What needs to be done –
Each line from the one with "Transport Medium / Transport Media" through the last line below must be written out exactly. Do not copy pictures.

(Given data Opens)

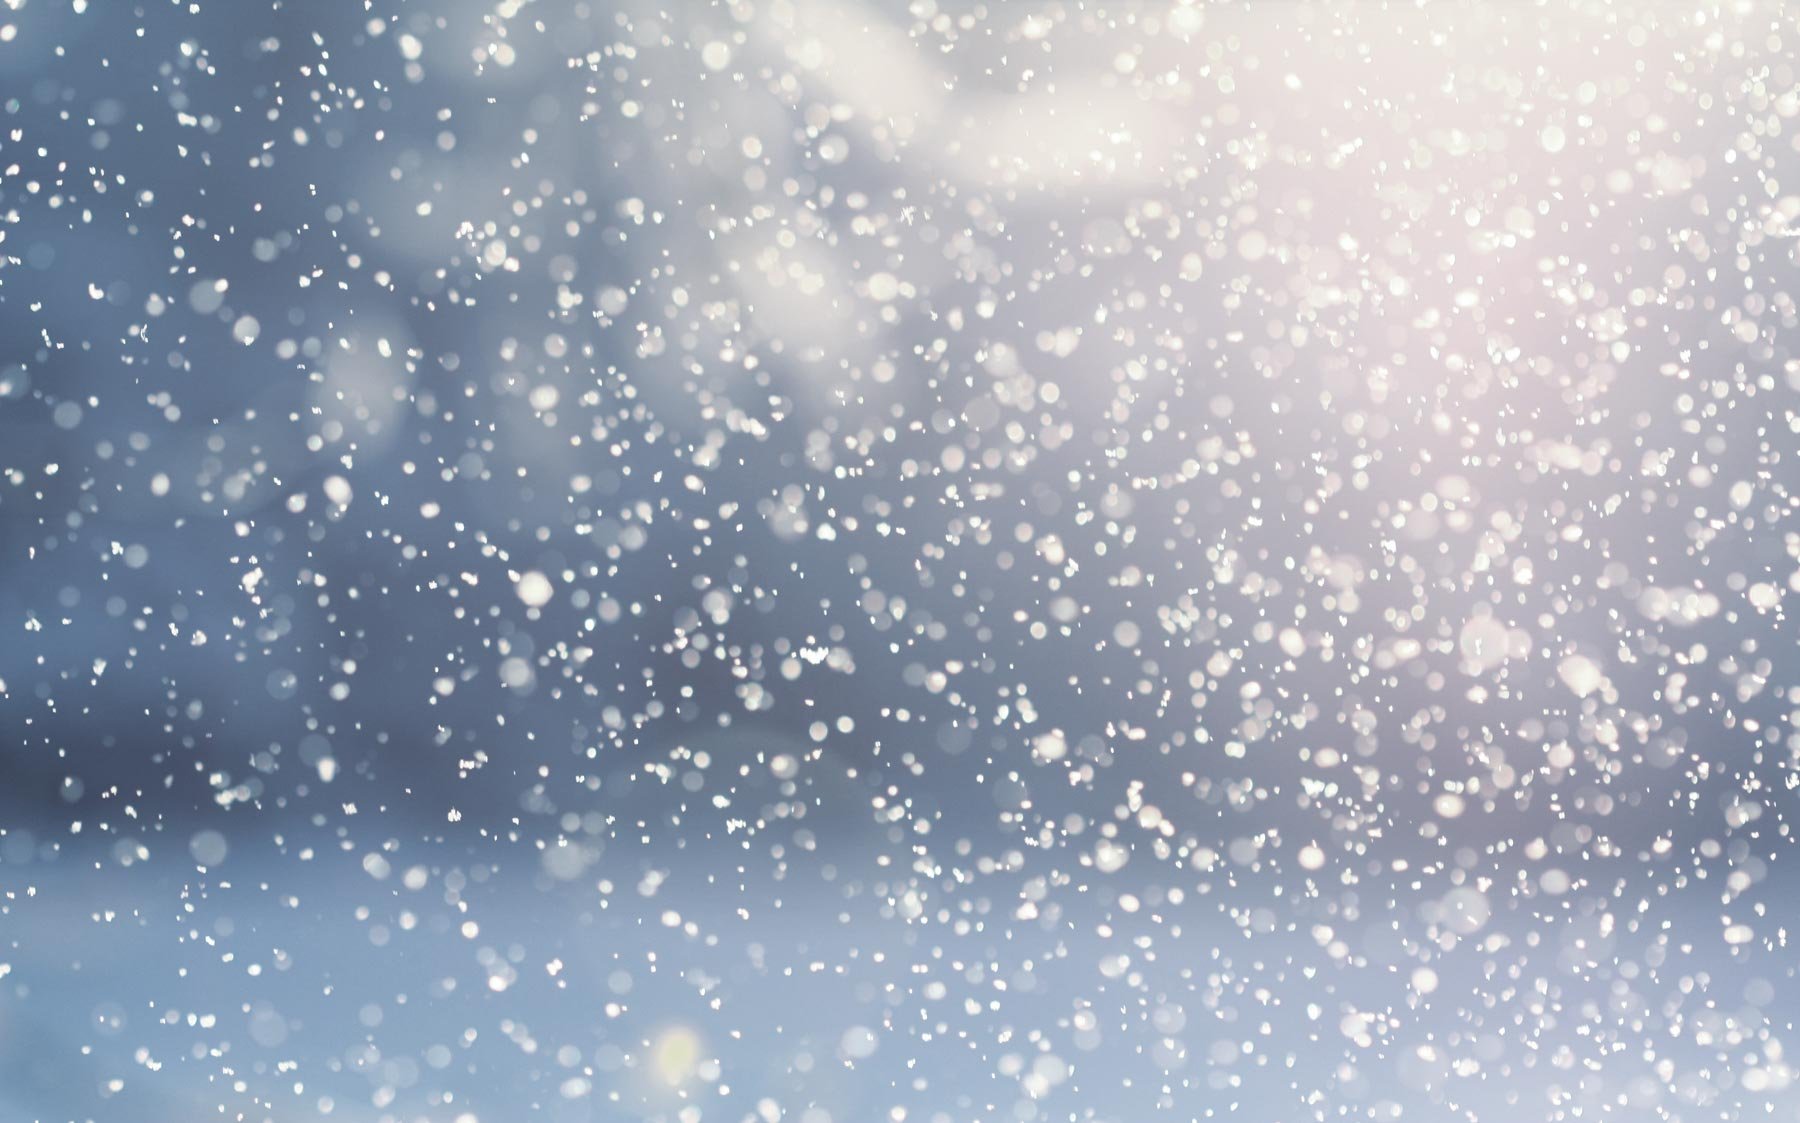 Погода в Казахстане: в столице ожидается дождь со снегом
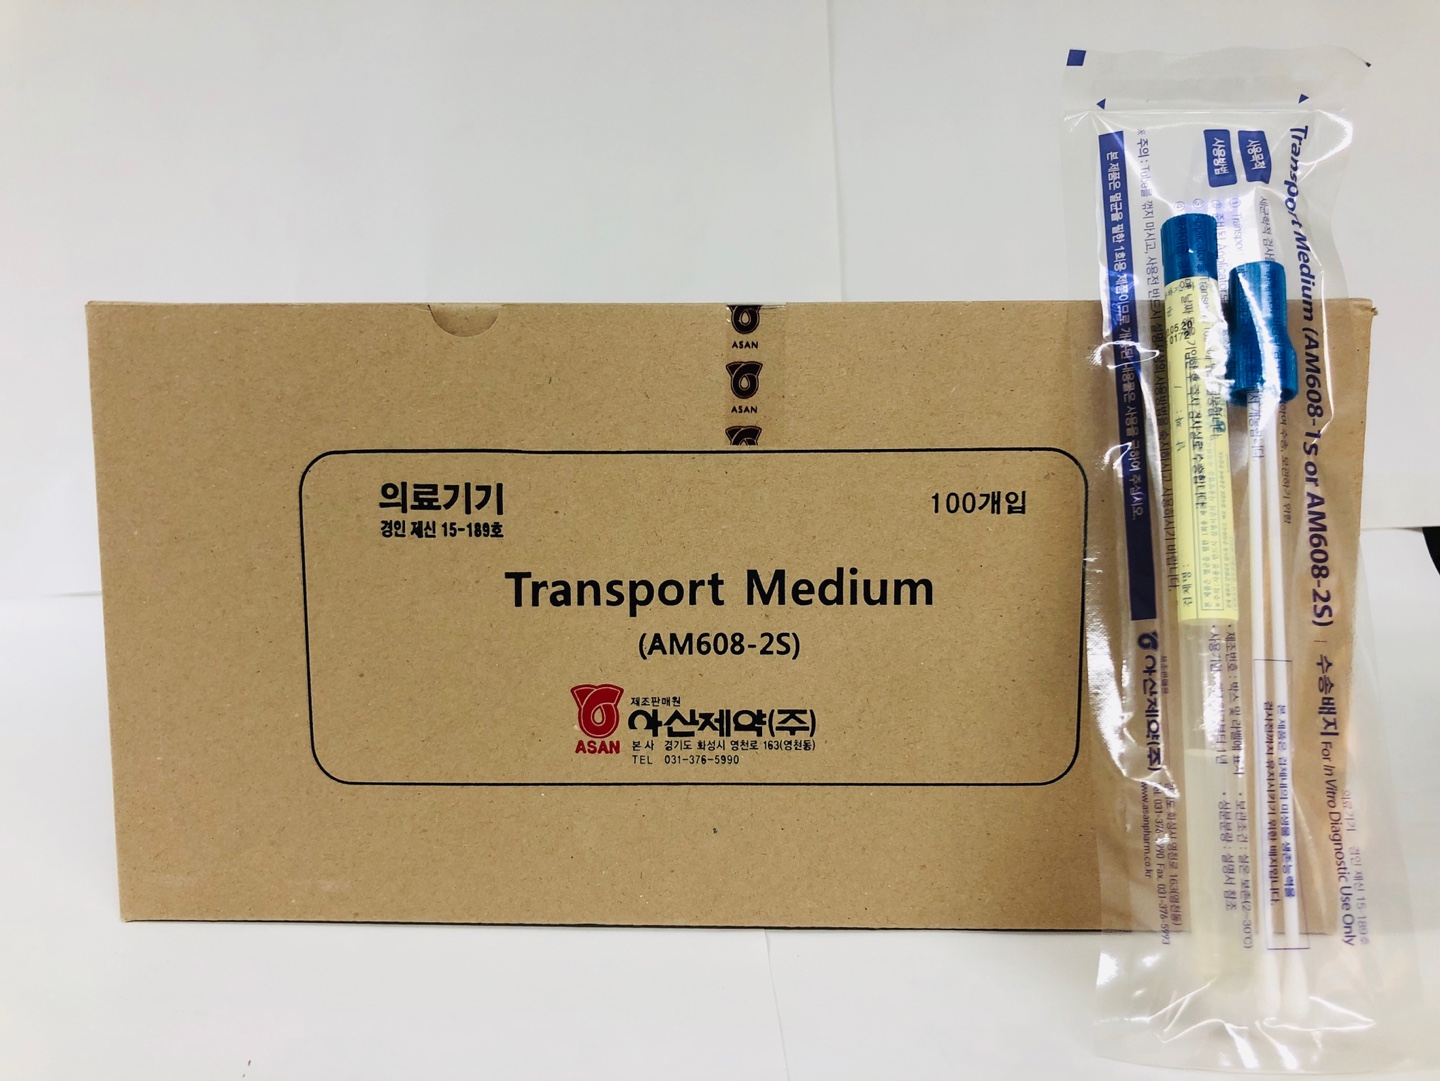 Transport Medium / Transport Media
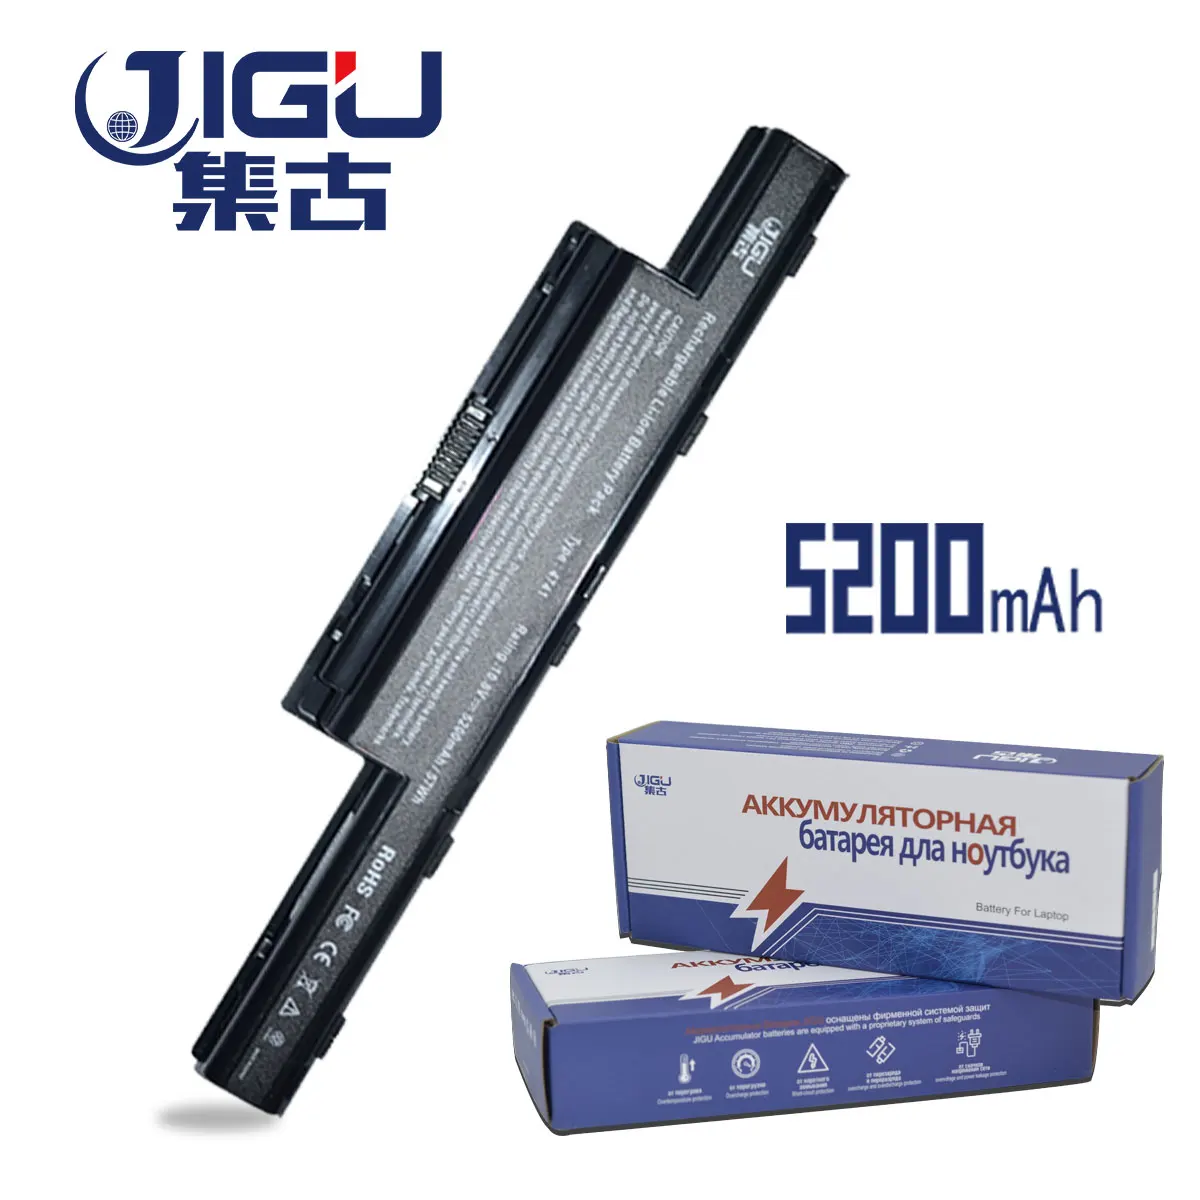 JIGU Аккумулятор для ноутбука Acer Aspire V3 5741 5742 5750 5551G 5560G 5741G 5750G AS10D31 AS10D51 AS10D61 AS10D71 AS10D75 AS10D81

(Given data Closes)

Your solution –
 Transport Medium / Transport Media
 JIGU Аккумулятор для ноутбука Acer Aspire V3 5741 5742 5750 5551G 5560G 5741G 5750G AS10D31 AS10D51 AS10D61 AS10D71 AS10D75 AS10D81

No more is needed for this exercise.